With a career in mind, I was enrolled for four months at Pitman’s Secretarial College. Attending in my own fashion, I learned to type but now regret not having taken shorthand seriously. In fact, whenever I see fellow journalists going at breakneck speed with their shorthand, I’m reminded of my rebellious foolishness.
I did, however, want to earn my keep and not be financially reliant on a man. An affair with Roberto Shorto—a Brazilian-born playboy whose party trick was eating glass—had pushed me to this conclusion. His sister Denise was married to Heini Thyssen, the billionaire and major art collector. Staying at Daylesford, their house in Gloucestershire, meant sitting in a Jacuzzi surrounded by nubile Rodin statues and taking a bath below a Picasso. There were also Heini’s morning visits to be endured. He would appear in Roberto’s bedroom while I was naked, lying under the sheets. I think most people would have left under the circumstances, but Heini would just stand there with his dead eyes and odd, crocodile smile.

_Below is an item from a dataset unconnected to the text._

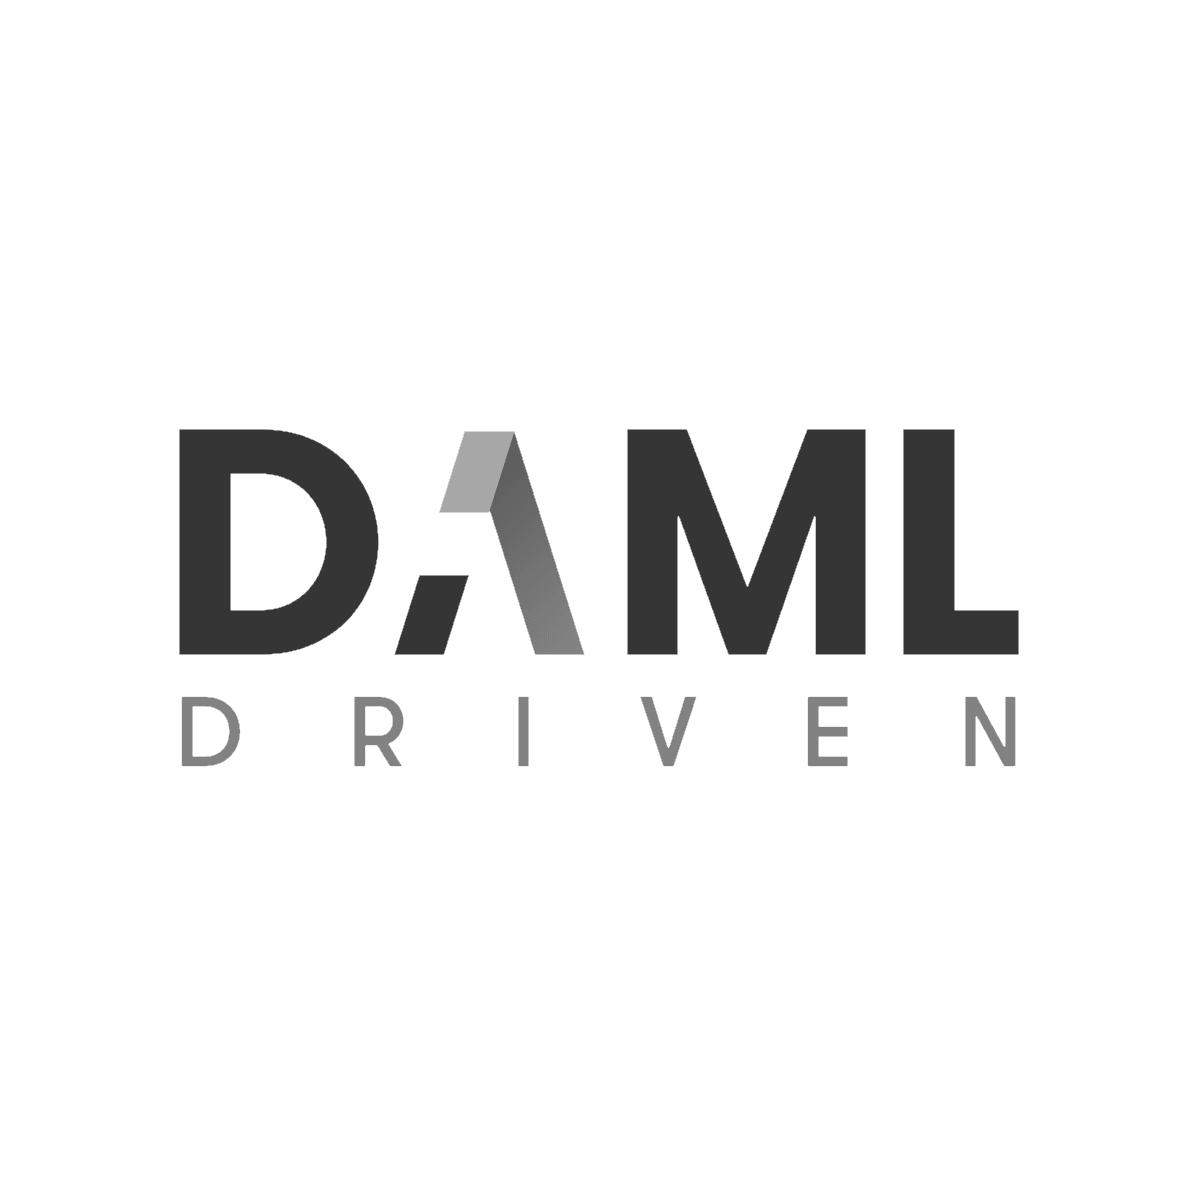 DAML-driven-bw.png

Heini possessed exceptional taste in paintings and had interesting pals all over Europe, as well as a terrific and dynamic daughter, Francesca, who became important in the hip New Romantics scene—but I simply couldn’t figure him out. At the dining room table, he would take center stage, and recount a story that was both interminable and pointless. Once he finished, all his guests would laugh. They were singing for their supper. But surely Heini realized, and wasn’t it a bit of a tiresome game? I attempted to say this to Shorto—that was how everyone referred to Roberto—who instantly climbed onto his crate of Coca-Cola bottles (his father owned the franchise in Brazil). “What do you know, you silly little girl?” he yelled. Well, quite a lot! My parents had rich friends, but they were stimulating,
often brilliant conversationalists. They also didn’t have Heini’s sense of entitlement or decadence. When one was invited to their homes, they made an effort to entertain and engage.

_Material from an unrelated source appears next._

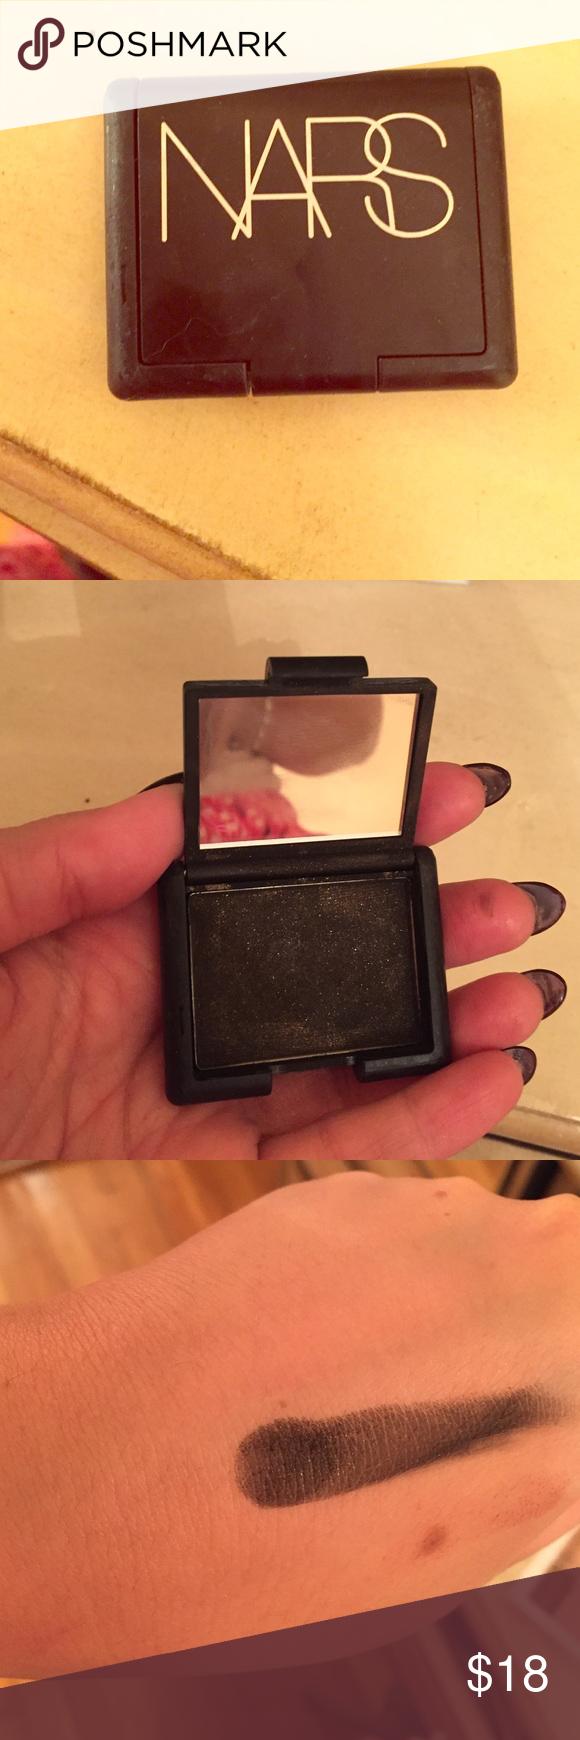 NARS nightclubbing eyeshadow used 2x! Black/gold NARS nightclubbing eyeshadow used 2x! Black/gold glitter NARS Makeup Eyeshadow

Nevertheless, and now to get off my soapbox, it was actually the whiff of money around Shorto that partially attracted me to him. When we were introduced by my cousin Andrew Fraser, he was wearing a Cartier Tank watch, and I knew, within seconds of spotting it, that I was going to own it. I quickly did, and my mother quickly christened it the “watch of shame.” This was followed by a glorious Antony Price dress with vast bustle-like bow at the back—quickly coined the “dress of shame.”

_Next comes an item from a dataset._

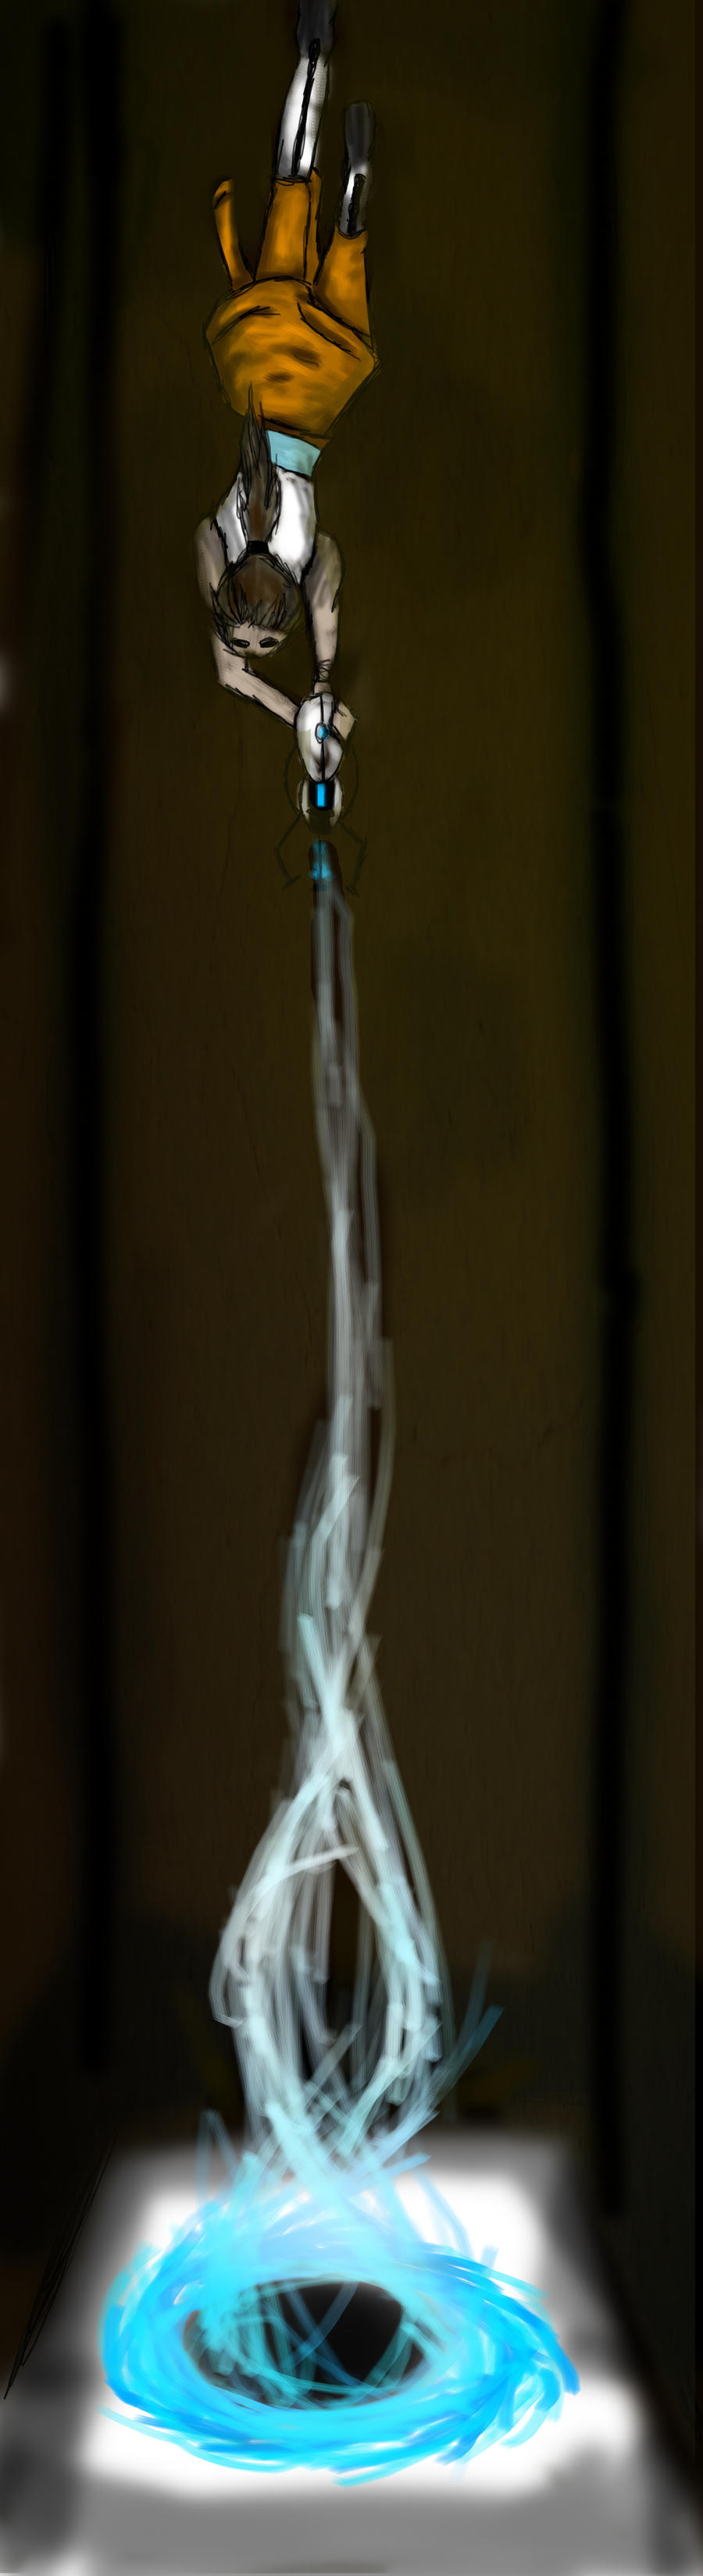 The Narbacular Drop by dragontamer75

There was also the fact that my boyfriend had told Shorto, “You don’t stand a chance with Natasha because she’s madly in love with me.” Well, once I heard that, a lunch date with Shorto at the Ritz Hotel was swiftly arranged. All well and good if it hadn’t been for Miss Everett’s telephone calls interrupting. Rupert did this because Shorto had tried but miserably failed to have an affair with him. Roberto was many things but not homosexual. The first time the waiter appeared, he said, “A Mr. Jagger is on the line for you, Miss Fraser.” I went to the telephone and found Rupert. And it continued in this vein until Shorto and I toddled out, blind drunk on champagne, and bumped into Lucian Freud before hitting Albemarle Street, then known for its art galleries. Shorto wanted to buy me a picture. Being Heini’s brother-in-law helped. I was very keen on a Freud early self-portrait sketch. “It’s haunting,” I said grandly. Shorto liked the haunting word but chose a pornographic R. B. Kitaj pastel instead. It was two girls going down on each other. In spite of my inebriated state, I did wonder how I would explain this one to my mother.